*The problem*: Copy each line below exactly and leave the pictures out.

*Provided data*:

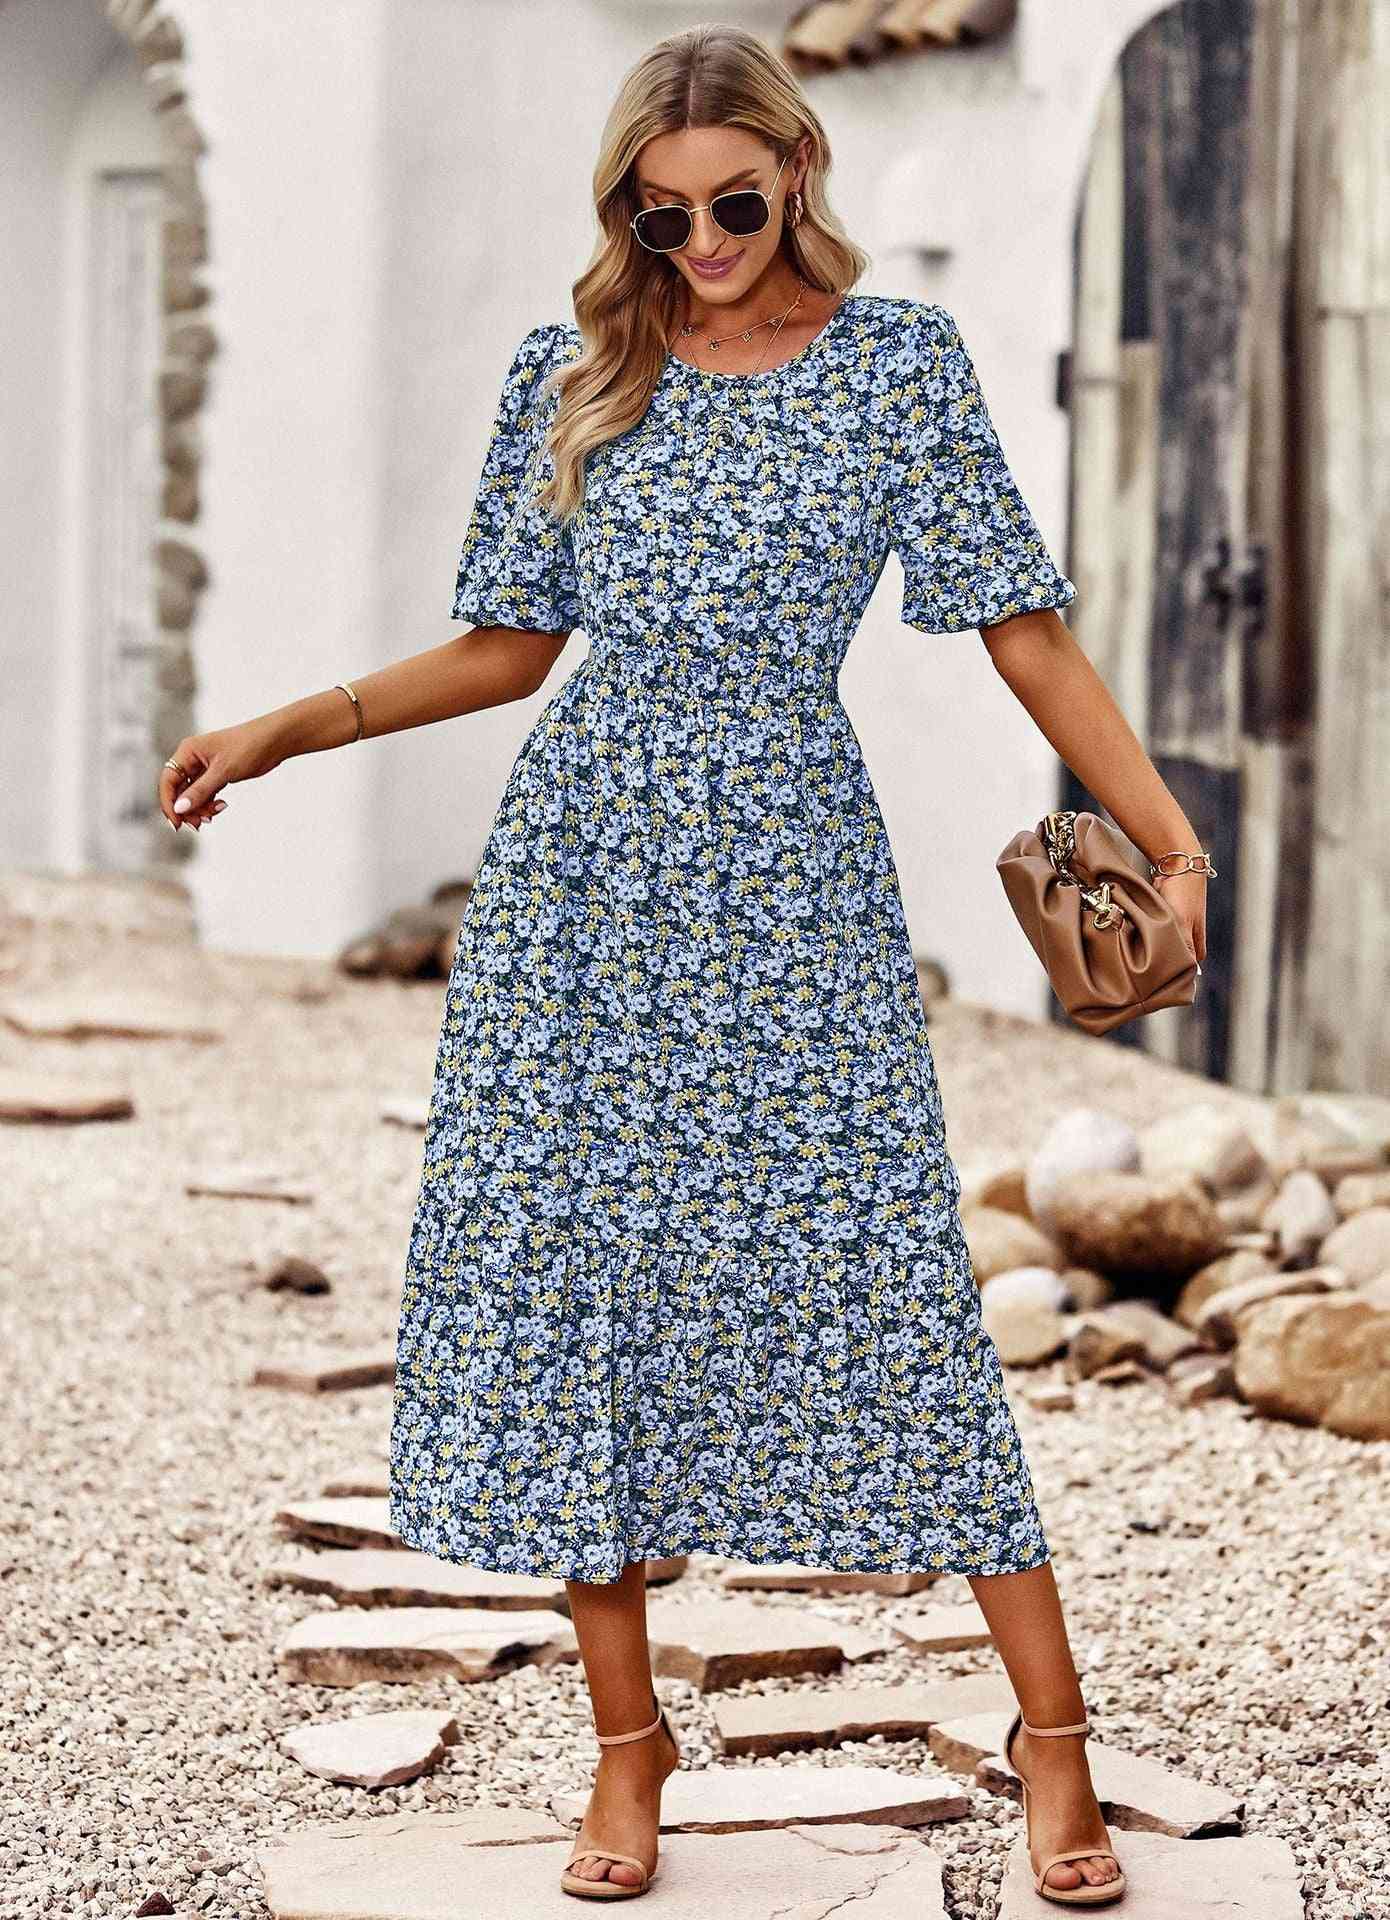 Fashion Round Neck Printed Dress - Trotters Independent Traders
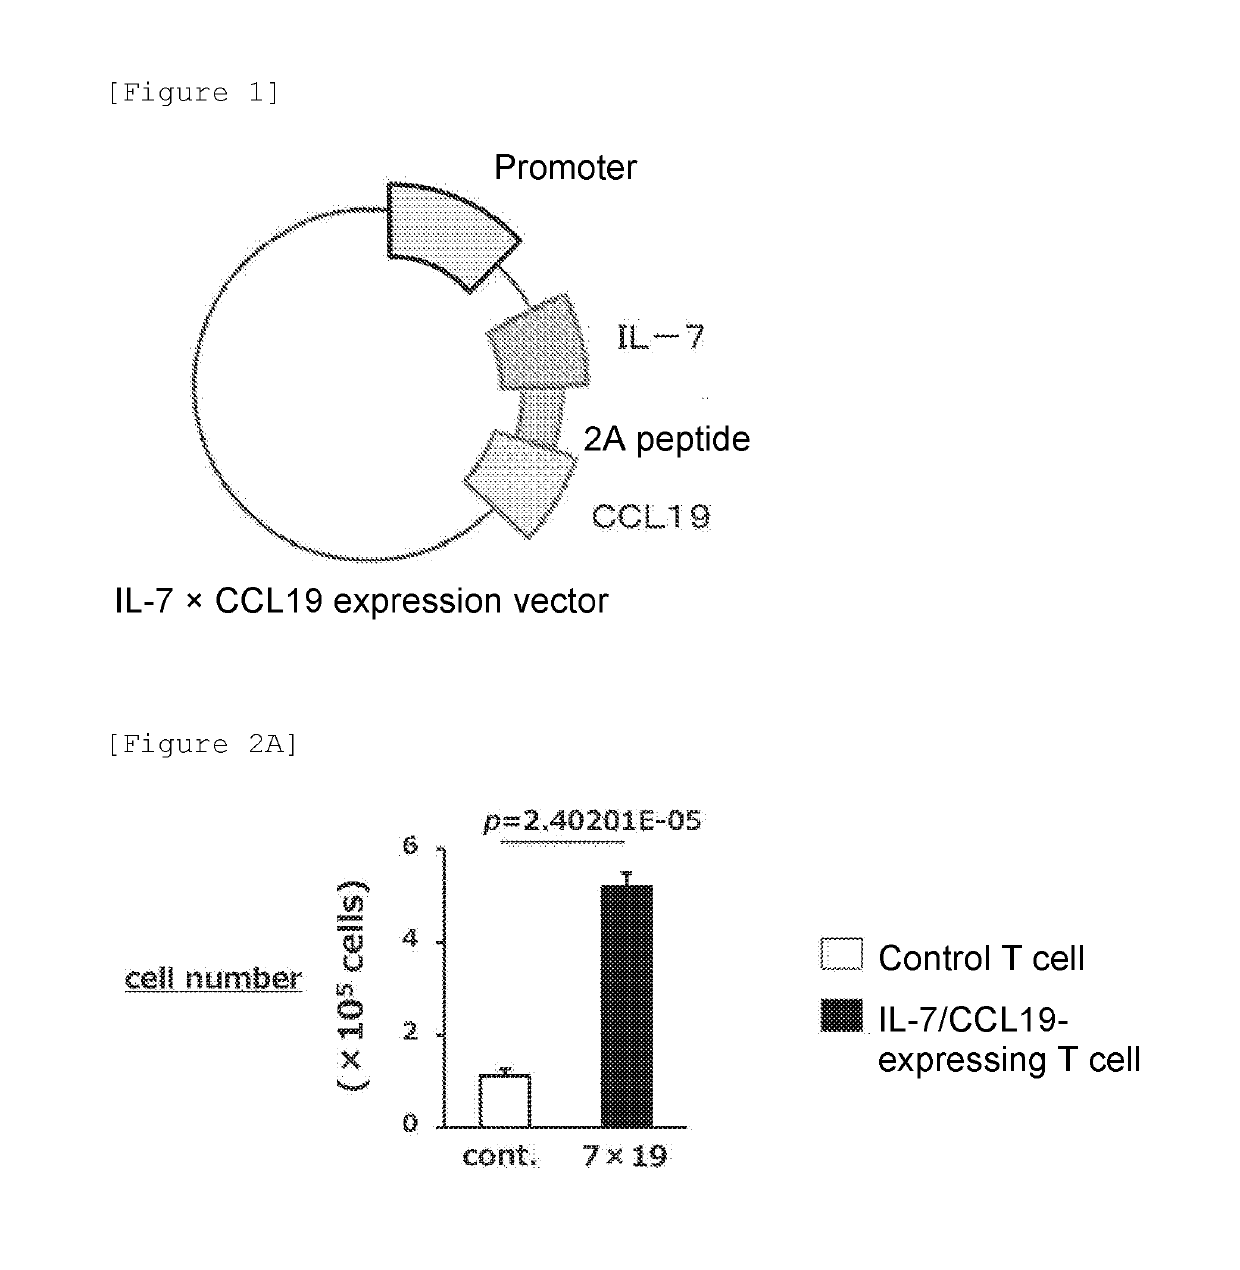 Immunocompetent cell and expression vector expressing regulatory factors of immune function
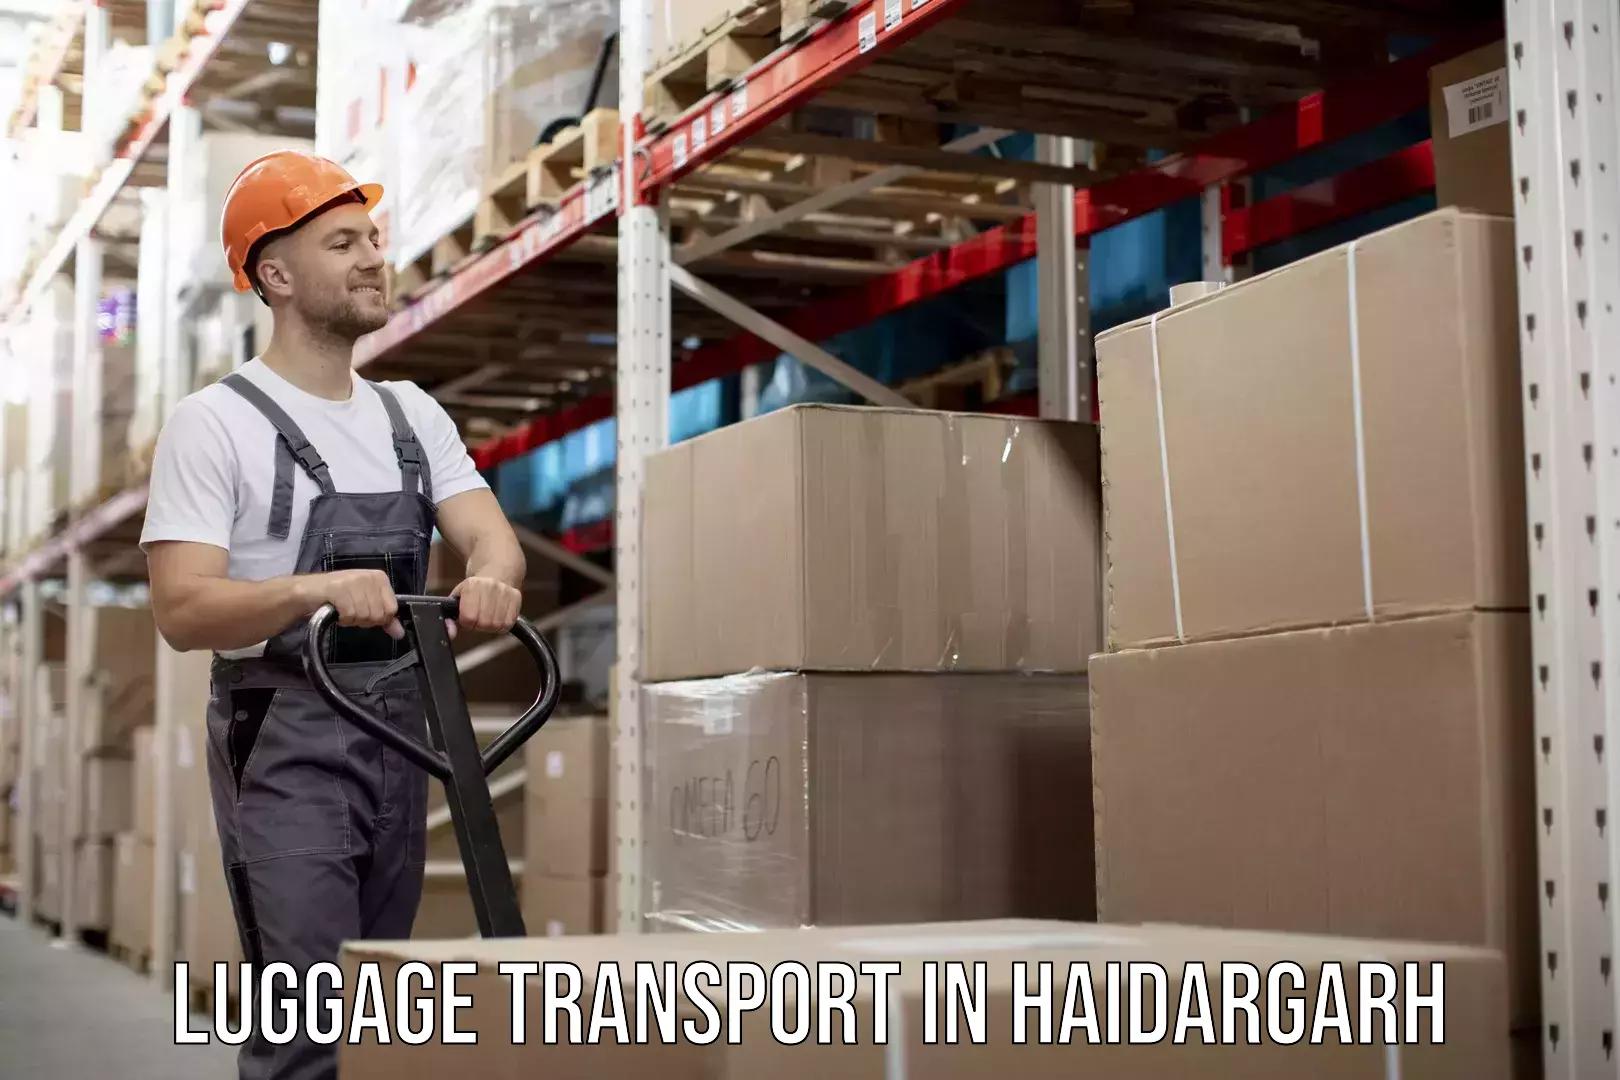 Baggage transport services in Haidargarh
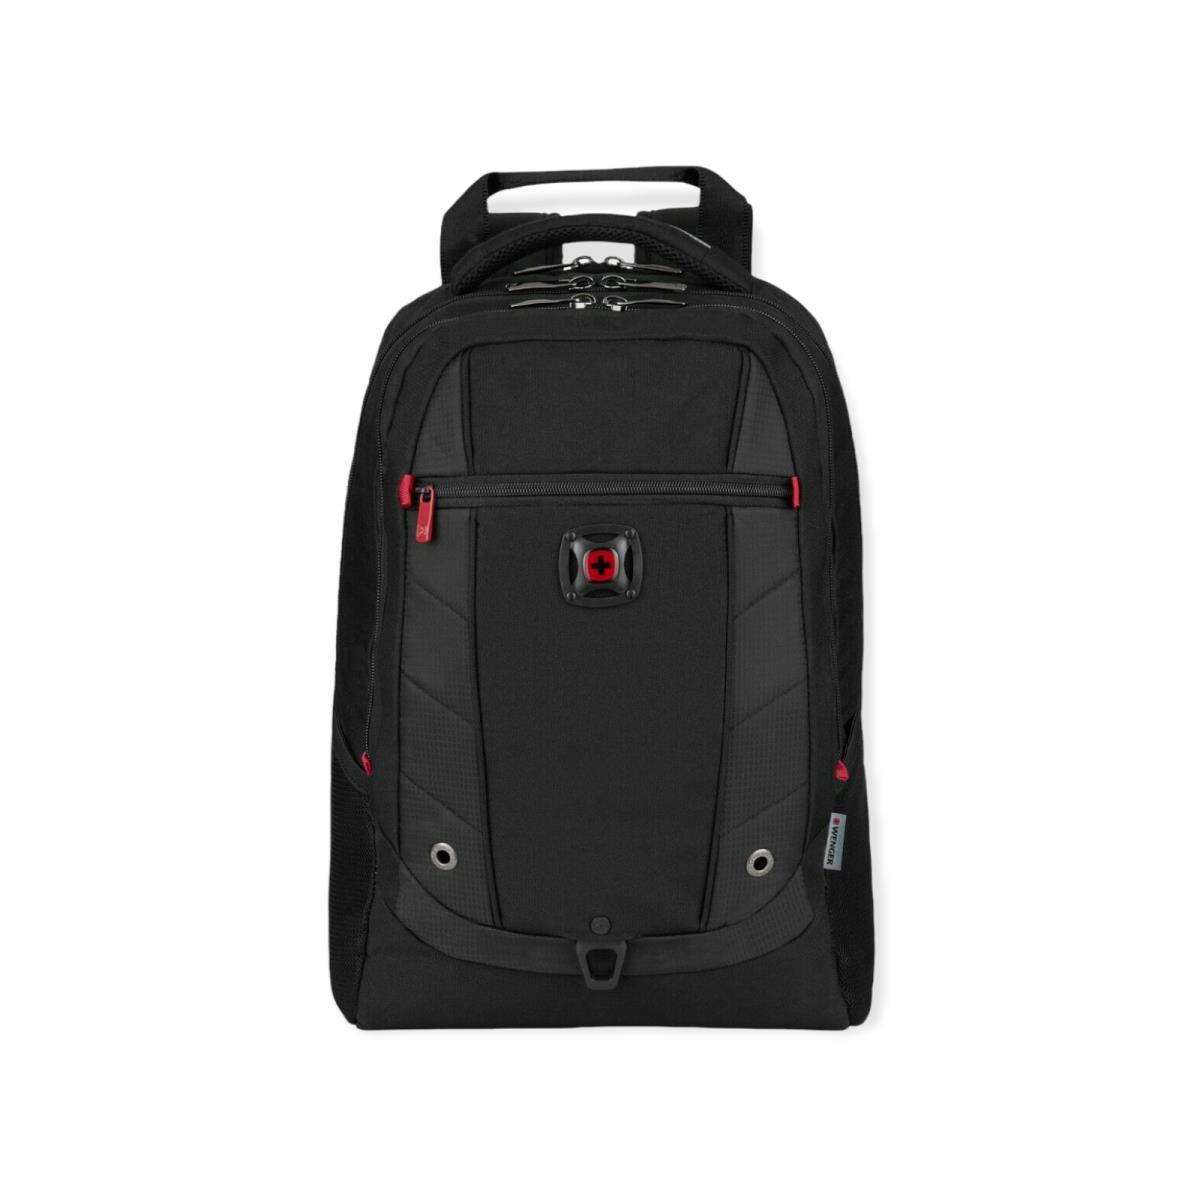 Wenger Sweesgear Vysionpoint Pro 21L 16`` Laptop Backpack

*Problem solution*:
 Fashion Round Neck Printed Dress - Trotters Independent Traders
 Immunocompetent cell and expression vector expressing regulatory factors of immune function
 Baggage transport services in Haidargarh
 Wenger Sweesgear Vysionpoint Pro 21L 16`` Laptop Backpack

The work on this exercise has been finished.